Moreover, the country has successively introduced a series of policies from last year to guard against overcapacity in the LED industry. This is also the adjustment made by the relevant departments after they realize that the industry has been in trouble. It can be said that the EU's new energy efficiency standards only accelerate the reshuffle of domestic LED companies. Luo Xuecheng said that demanding technical standards will eliminate enterprises without quality assurance and value bottom line, in order to produce quality products.
Raising standards and limiting exports does not mean that demand is decreasing. In fact, in recent years, both domestic and international markets, the demand for LED products is growing at a rate of 20 to 30. Orders placed under the new regulations will be divided up by some big companies with strong technology. In Luo Xuecheng's view, the technical threshold of the new regulations will keep some of the low-quality products that rely on price wins out of the door, clean up the market, and provide opportunities for high-quality products to regain market share.
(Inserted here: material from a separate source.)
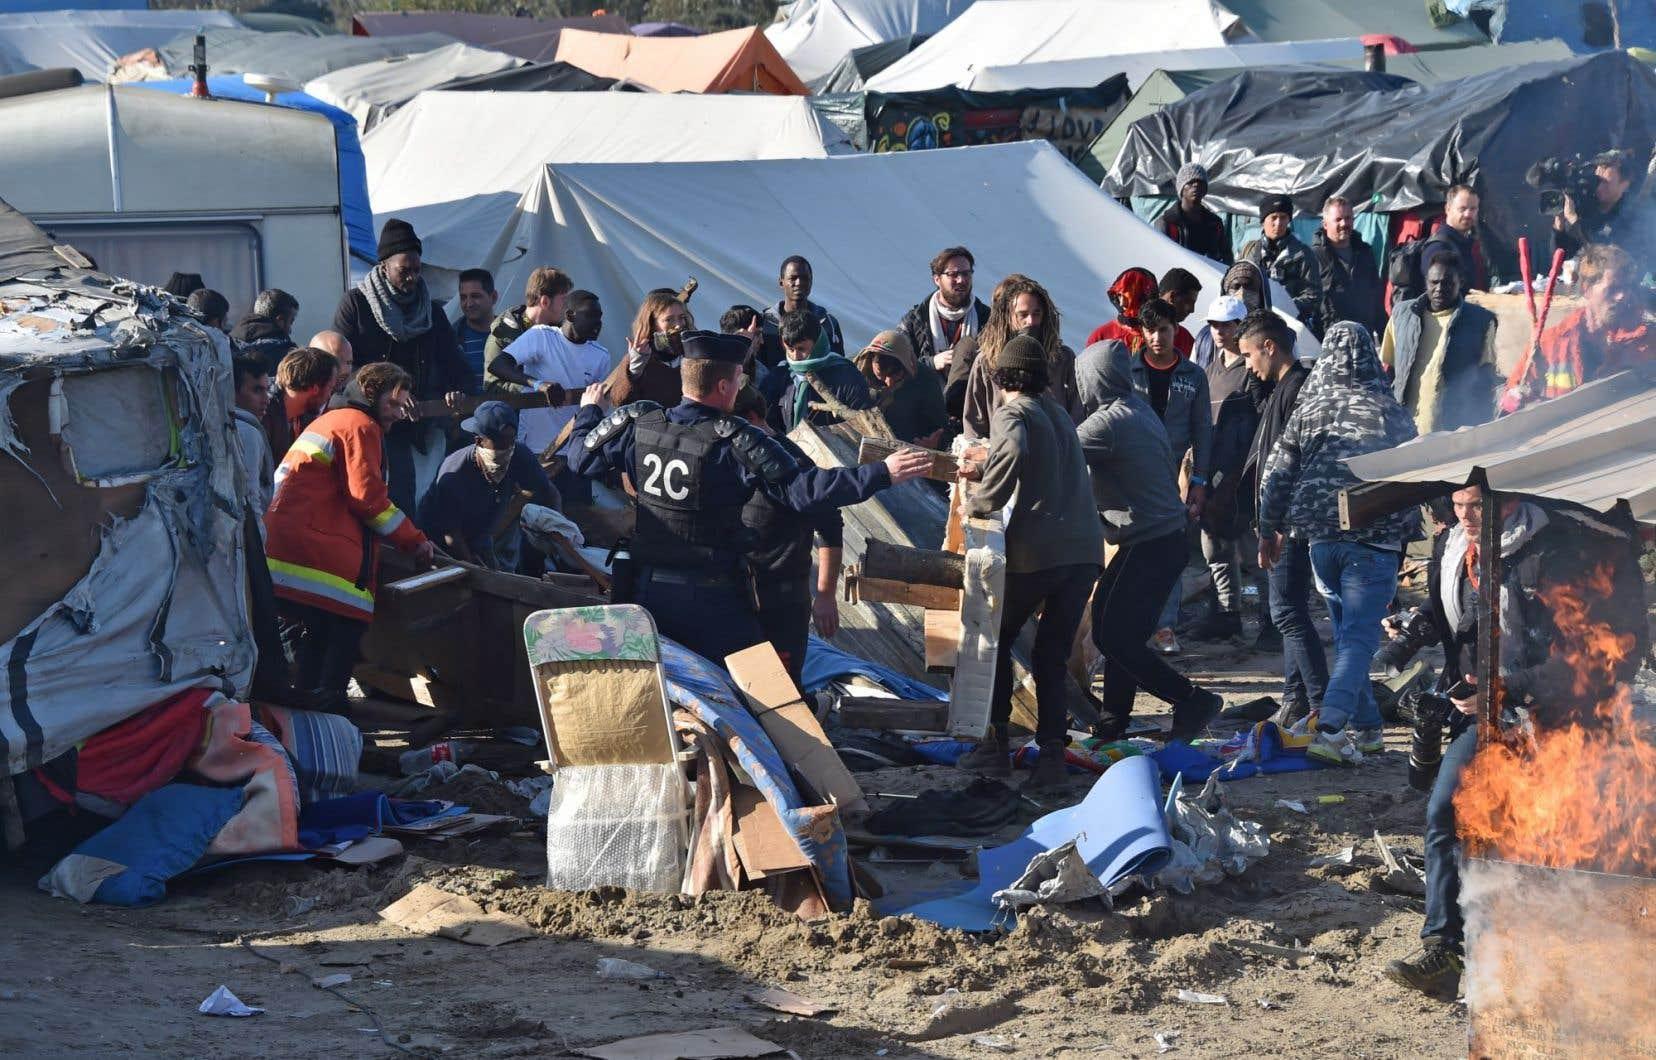 Mardi, des ouvriers ont commencé à démolir les installations du camp, alors que plus 1260 migrants majeurs ont quitté l'endroit.

When asked if he would worry that the EU's new energy efficiency regulations would affect the export of Deep Optoelectronics, Luo Xuecheng did not care. The impact should not be too big. Now the company's exports are mainly aimed at the Americas, Southeast Asia, the Middle East and other regions. These are emerging markets and relatively easy to enter. Luo Xuecheng said that in the LED industry, the EU is a very mature market. Most companies have set their sights on it. The competitive pressure is too great. It is better to develop some emerging markets and seize market share in advance. Although the threshold of emerging markets is relatively low, Deep Optoelectronics has a sense of crisis early, putting independent research and development in the first place. In addition to the development of a rotary LED lamp automatic assembly machine to replace the traditional manual assembly technology to achieve machine substitution, the company is also developing technology and green communication system for controlling lamps through WiFi, combining routers and LED lights to Seize the market.
Zhejiang Dapu Electric Co., Ltd. is more willing to face the EU's new energy efficiency standards. Now, our company's main export market is in Germany, Italy and other countries, how to seize market share? We can only work hard on technology and quality. Zheng Xingliang said that the cost of production of our company's products is particularly high. The chips of our products are imported from well-known companies, and the life of the lamps produced is up to 50,000 hours. Moreover, we are also very willing to invest in the material. In terms of the lamp shell (the bottom of the shell), most of the lamp shells produced in Zhongshan, Guangdong, are only 1.5 kilograms, while ours has 2.5 kilograms, which is completely unwilling to cut corners. This has allowed us to be recognized by many customers. Zheng Xingliang gave an example. The LED product produced in Shenzhen is priced at $3, and his product is priced at $10, but there are still many orders.